New Hydrogel-Polymer Adhesive Promises Stronger, Safer Medical Implants

Researchers at Worcester Polytechnic Institute (WPI) are developing a new class of medical adhesives by combining hydrogels and glue-like polymers. These adhesives aim to securely and reliably bond human tissues to medical devices implanted in the body, such as pacemakers, insulin pumps, and artificial joints.

The National Science Foundation has awarded Jiawei Yang, an Assistant Professor in the Department of Mechanical and Materials Engineering and affiliated with the Department of Biomedical Engineering, a $644,659 CAREER Award. The award will support Yang’s development of bioadhesives that meet the mechanical requirements of biological tissues while providing strong and stable adhesion.

Medical devices and human beings are made of very different materials. Medical devices are mostly made of hard materials, such as metal or plastic. Human tissue is generally soft and wet. There is a critical need for better adhesives that are soft and wet, like human tissues, to knit together tissues and devices. Better adhesives can work better with the body and would significantly improve healthcare and quality of life for patients.

Jiawei Yang, Assistant Professor, Department of Mechanical and Materials Engineering, Worcester Polytechnic Institute

Yang's project will focus on creating two-layered bioadhesives, consisting of a clear liquid adhesive layer and a transparent solid hydrogel layer. He aims to develop a modular system of hydrogels and polymers that can bond with human tissues, tailored to the mechanical properties of target tissues. These hydrogel-polymer bioadhesives will work together to provide quick, robust, stable, and deep adhesion.

Yang will collaborate with Dr. Steffen Pabel at Massachusetts General Hospital over the next five years to develop a drug-loaded hydrogel heart patch to treat atrial fibrillation, an irregular heartbeat. Additionally, Yang will develop research and education initiatives related to hydrogels for both college students and children. Yang will be working with Jiatai Sun, a Ph.D. student, on this project.

There are many potential applications for new bioadhesives. They might be used to pair with electrodes that are implanted in the body to treat Parkinson’s disease or manage and treat heart failure. They also could be combined with therapeutic agents to heal damaged cartilage or generate healthy new tissues.

Jiawei Yang, Assistant Professor, Department of Mechanical and Materials Engineering, Worcester Polytechnic Institute

Materials known as hydrogels are composed of networks of large molecules called polymers and water. Hydrogels are commonly used in absorbent materials such as diapers, contact lenses, and wound dressings.

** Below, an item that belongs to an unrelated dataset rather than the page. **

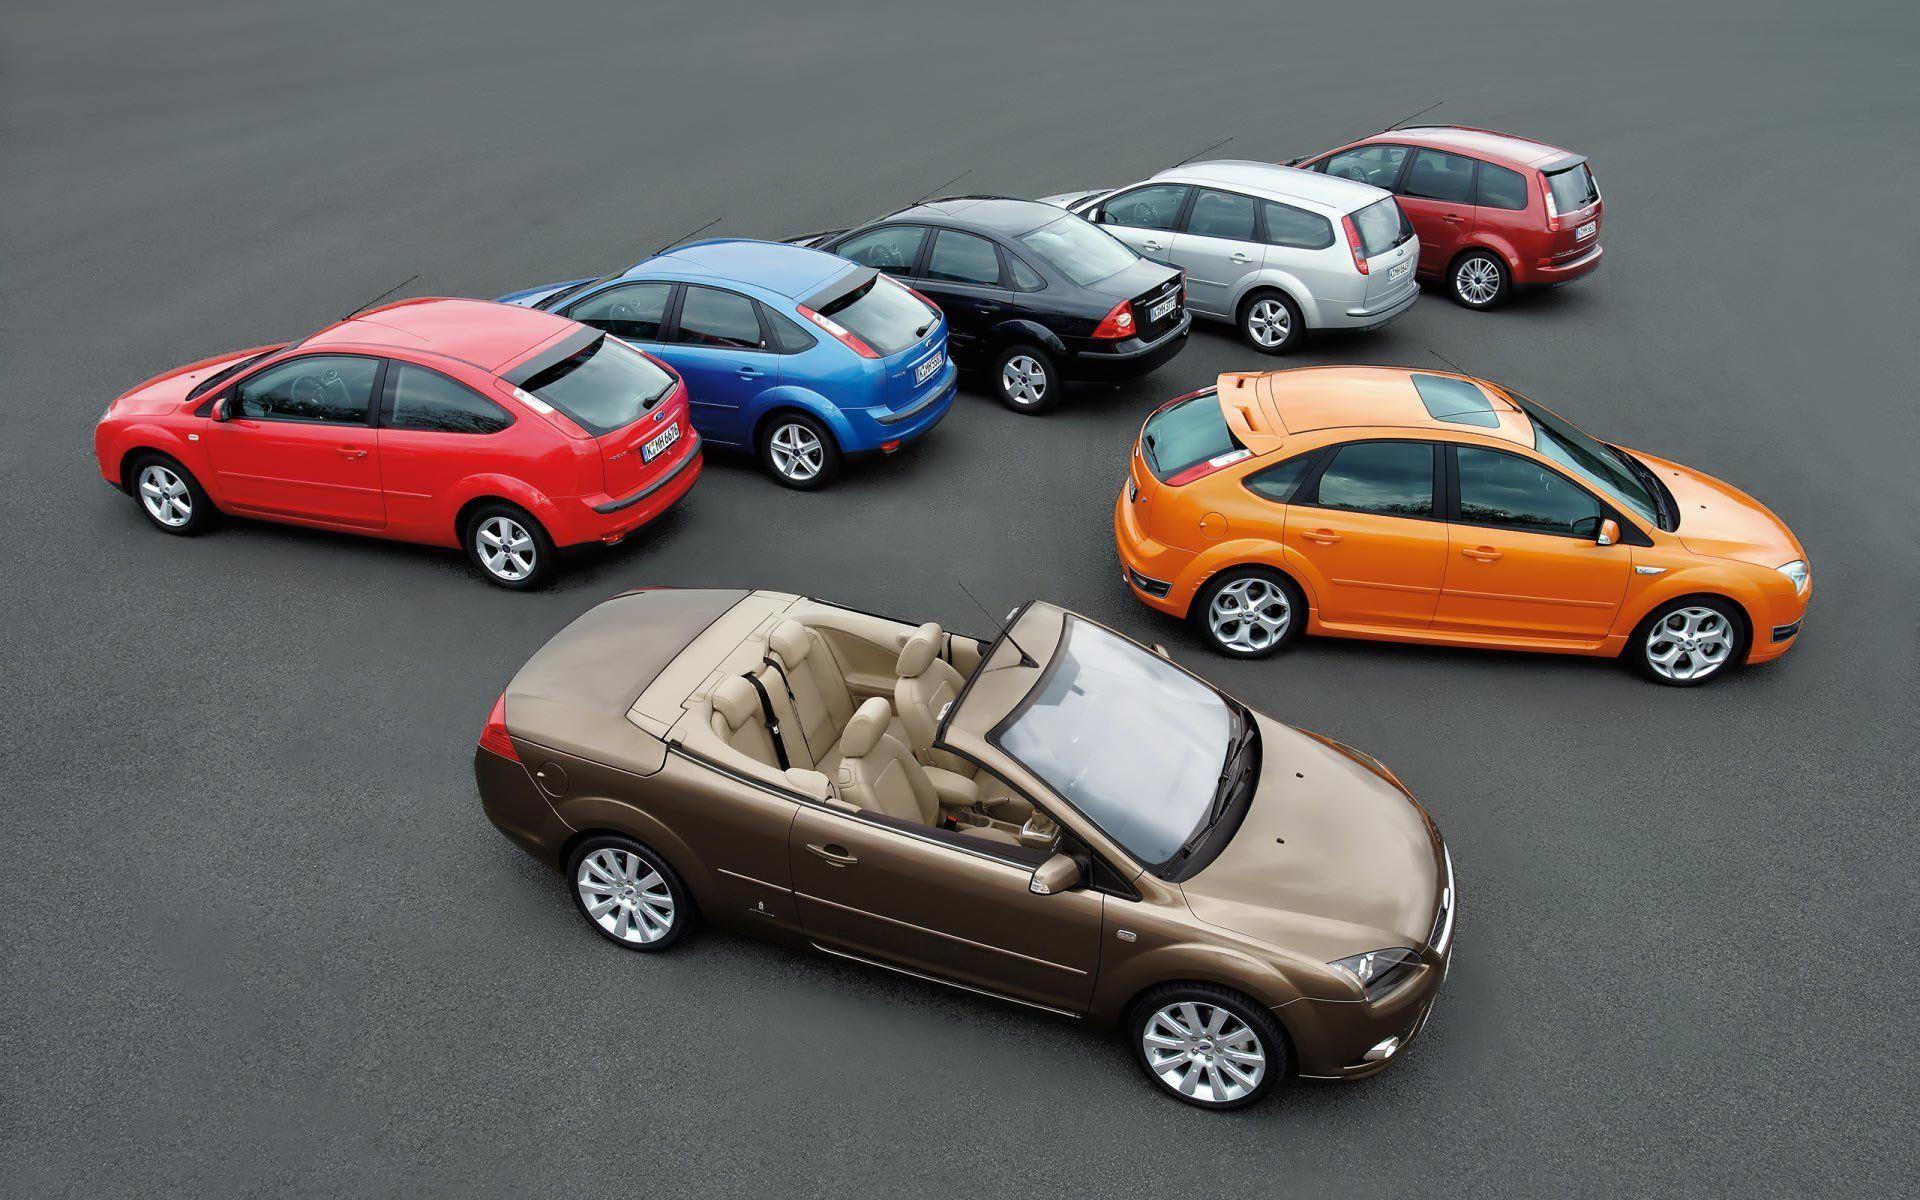 Автомобили Ford: модельный ряд, цены. Купить новое авто ...

In emergency medicine, hydrogel bioadhesives are typically used to seal tissues, close wounds, and temporarily patch injuries. However, according to Yang, they are not suitable for long-term use in the body, particularly in implants, due to their inability to match the mechanical characteristics of target tissues and provide strong, stable adhesion.

Mechanical properties of human tissues vary significantly. Brain tissue is extremely soft and needs an extremely soft hydrogel, while a hydrogel used with cartilage needs to be stiff enough to flex and bear weight. One size does not fit all when it comes to bioadhesives.

Jiawei Yang, Assistant Professor, Department of Mechanical and Materials Engineering, Worcester Polytechnic Institute

CAREER Awards support early-career researchers at colleges and universities as they begin their professional careers and lay the groundwork for future research. After earning his Ph.D. from Harvard University and working as a research fellow at the Massachusetts Institute of Technology and Boston Children's Hospital, Yang joined the WPI faculty in 2024.